<h1>INGV - Volcanic Eruption Prediction

In [None]:
import numpy as np
import pandas as pd
import matplotlib.pyplot as plt
import seaborn as sns
import os
from IPython.display import clear_output
import gc
from sklearn.metrics import mean_absolute_error
from sklearn.metrics import r2_score
from sklearn.feature_selection import RFE
from sklearn.pipeline import Pipeline
from scipy.stats import moment

In [None]:
train_files = os.listdir("../input/predict-volcanic-eruptions-ingv-oe/train")
test_files = os.listdir("../input/predict-volcanic-eruptions-ingv-oe/test")

In [None]:
len(train_files)

In [None]:
len(test_files)

<h3>Checking if the shape of data is uniform across all the train files

In [None]:
cols = []
rows = []
for i,fname in enumerate(train_files):
    train = pd.read_csv(os.path.join("../input/predict-volcanic-eruptions-ingv-oe/train",fname))
    cols.append(train.shape[0])
    rows.append(train.shape[1])
    print(f'{i+1} / {len(train_files)}')
    clear_output(wait=True)

In [None]:
print(f"Rows of all train files: {pd.Series(rows).unique()}\nColumns of all train files: {pd.Series(cols).unique()}")

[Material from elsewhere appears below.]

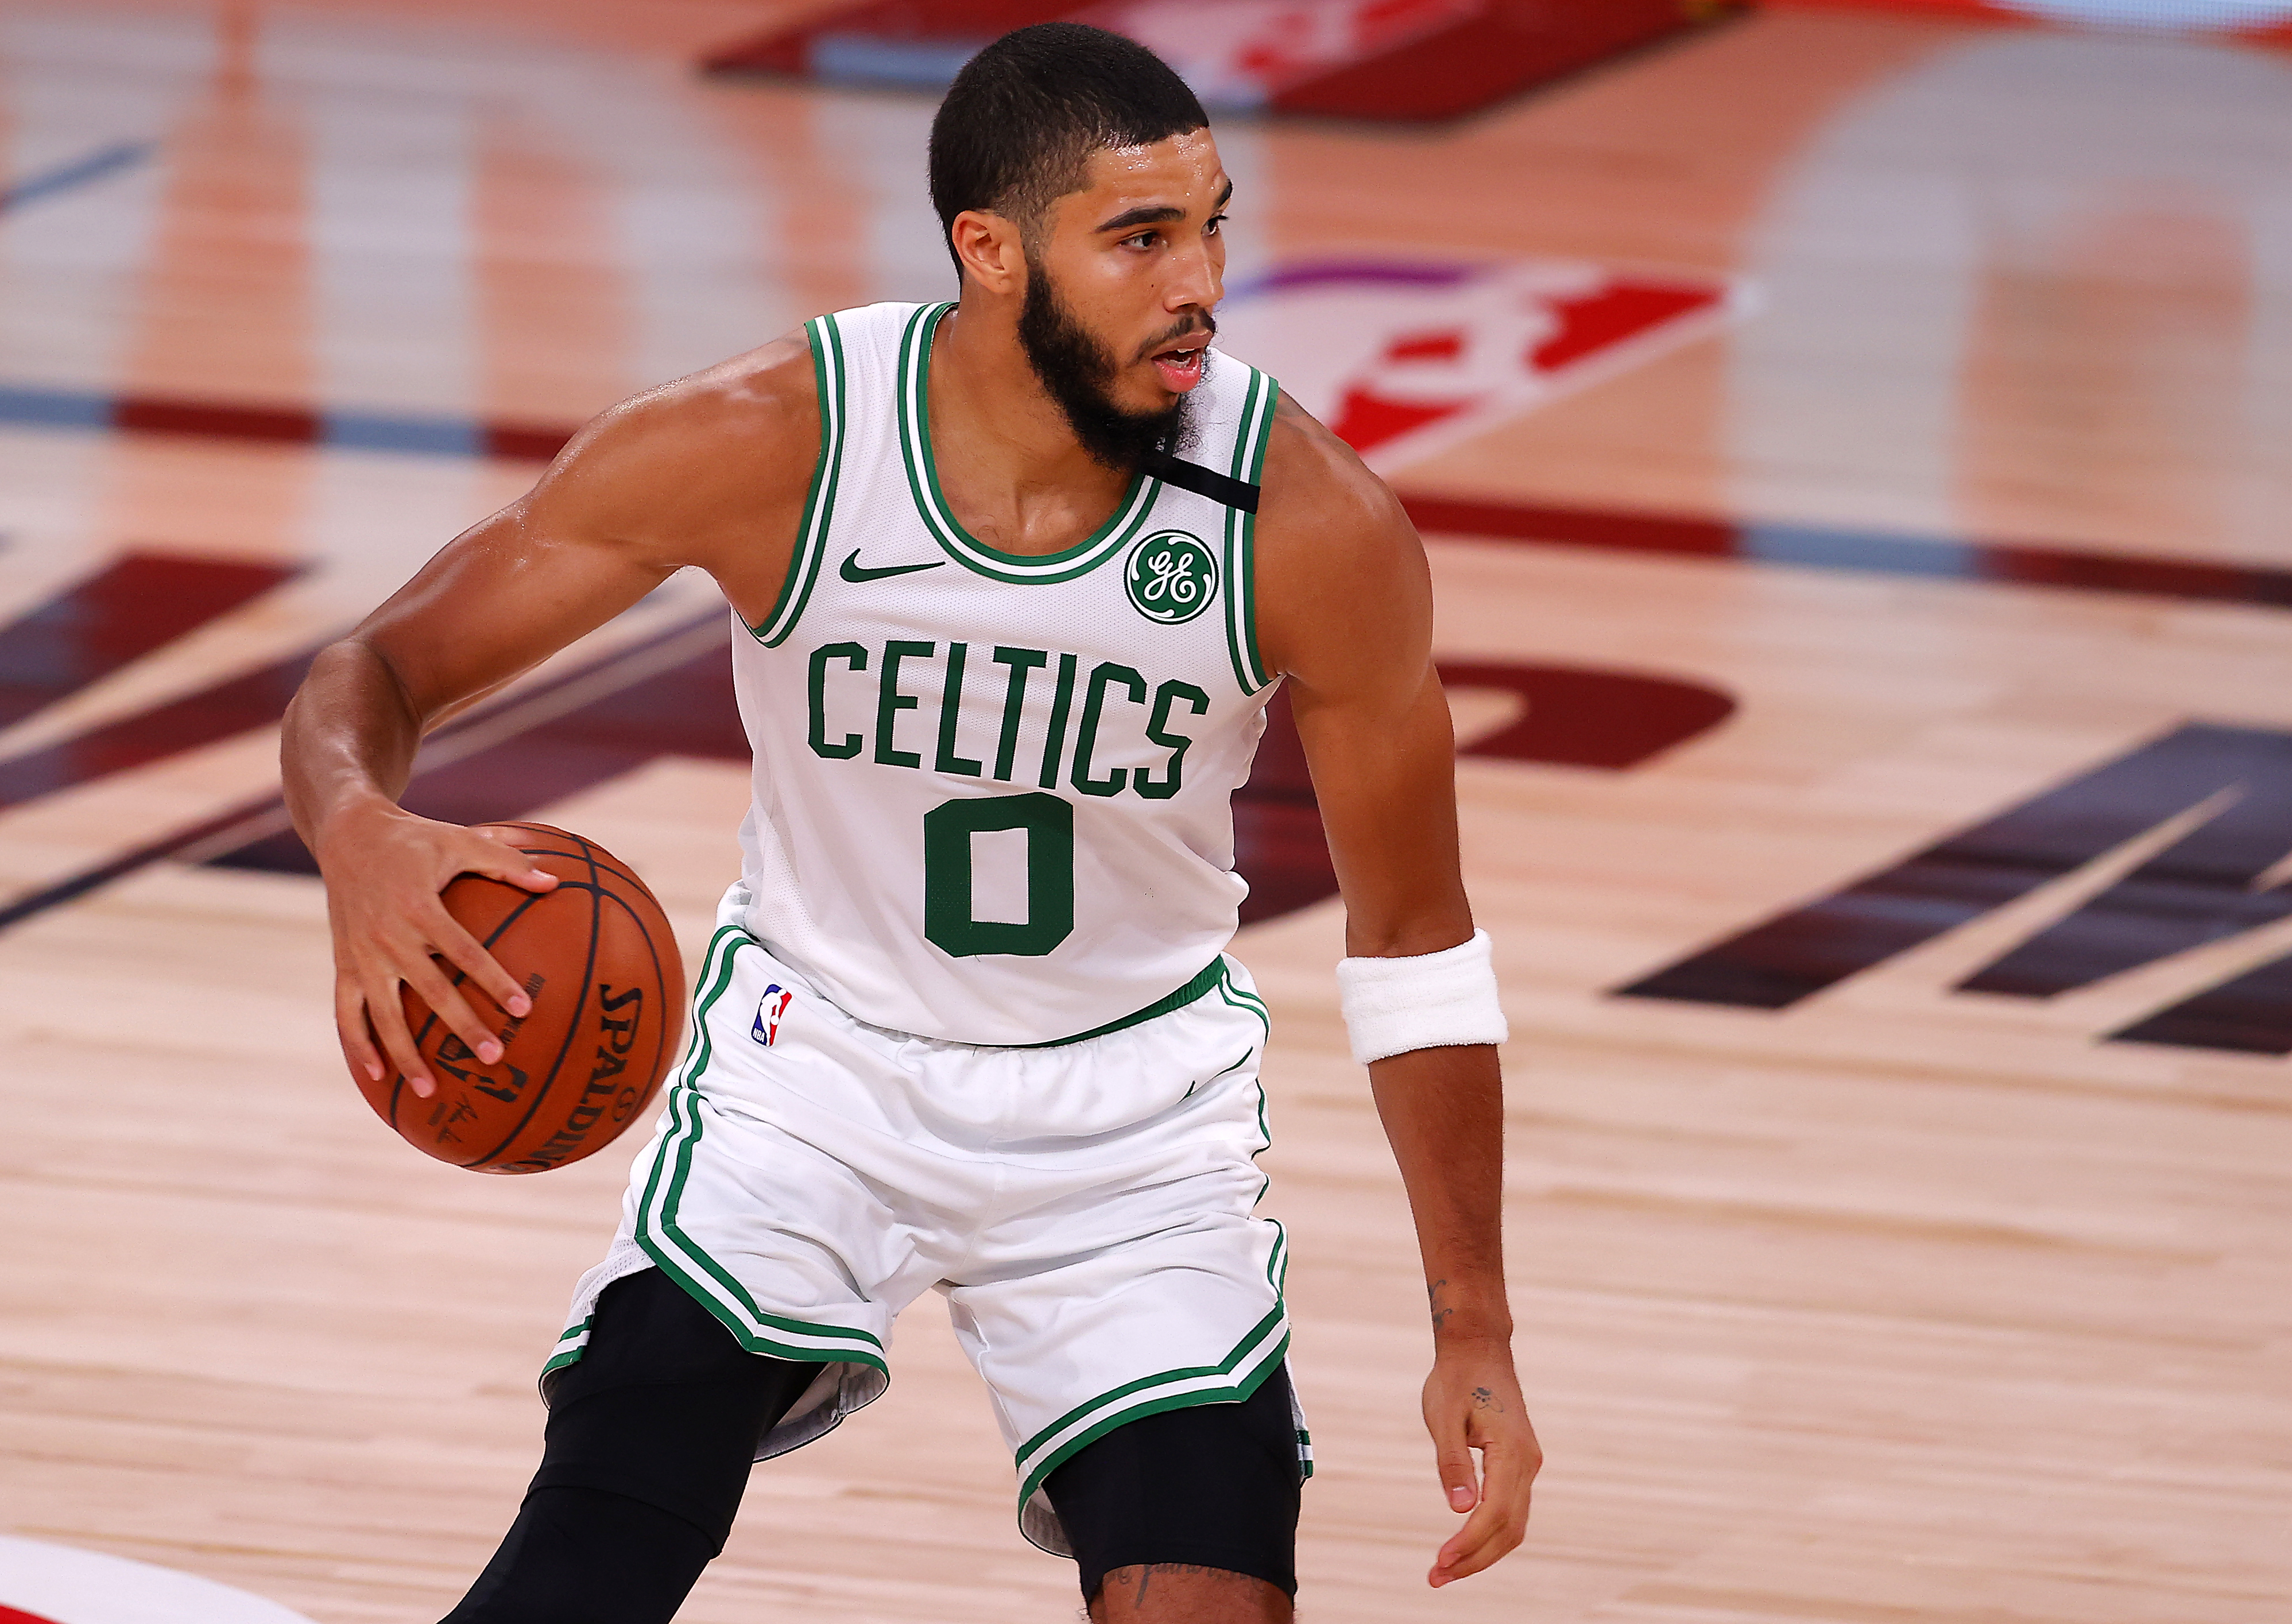 NBA Playoffs TV Schedule (8/17/20) Watch NBA online without cable FREE live streams for Celtics-76ers, Raptors-Nets, more
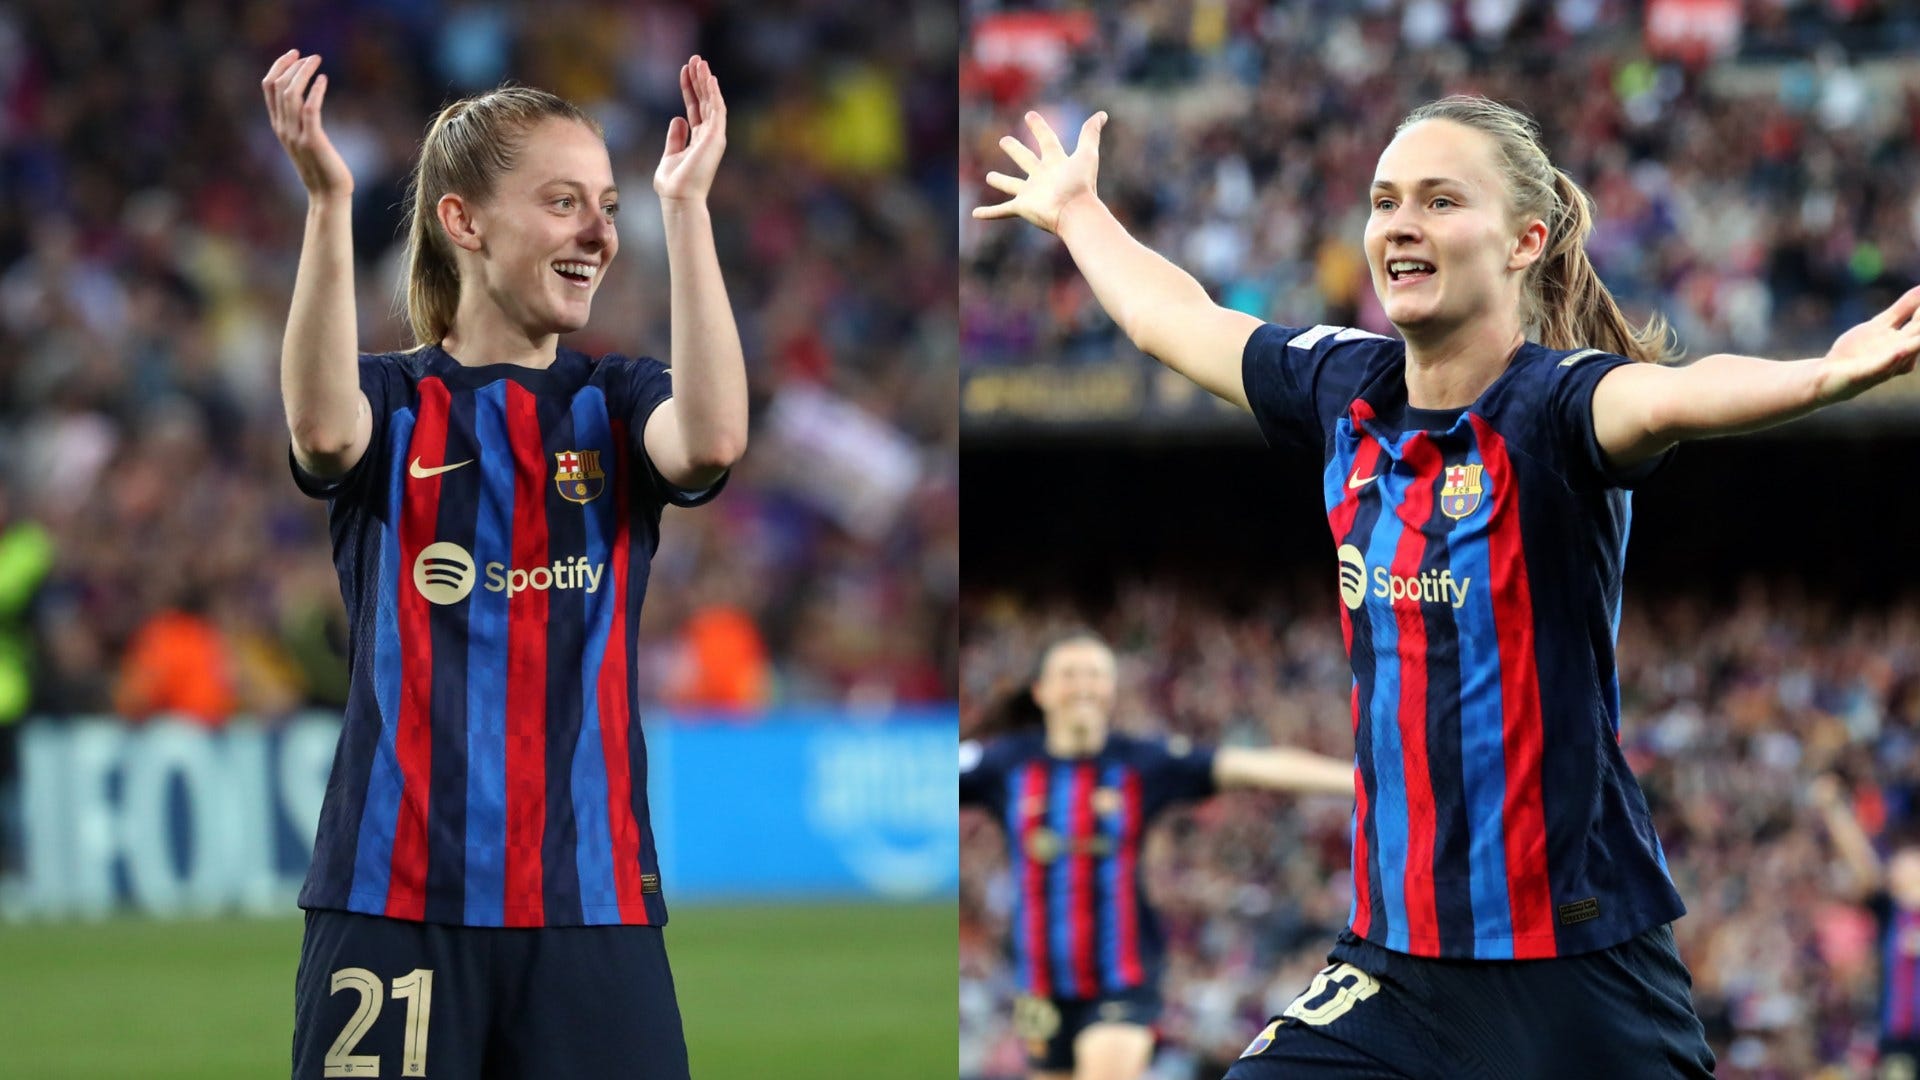 we-are-lucky-to-have-keira-walsh-at-barcelona-england-star-praised-by-team-mate-caroline-graham-hansen-ahead-of-women-s-champions-league-final-against-wolfsburg-or-goal-com-india

<h3>Checking if the shape of data is uniform across all the test files

In [None]:
cols = []
rows = []
for i,fname in enumerate(test_files):
    test = pd.read_csv(os.path.join("../input/predict-volcanic-eruptions-ingv-oe/test",fname))
    cols.append(test.shape[0])
    rows.append(test.shape[1])
    print(f'{i+1} / {len(test_files)}')
    clear_output(wait=True)

In [None]:
print(f"Rows of all test files: {pd.Series(rows).unique()}\nColumns of all test files: {pd.Series(cols).unique()}")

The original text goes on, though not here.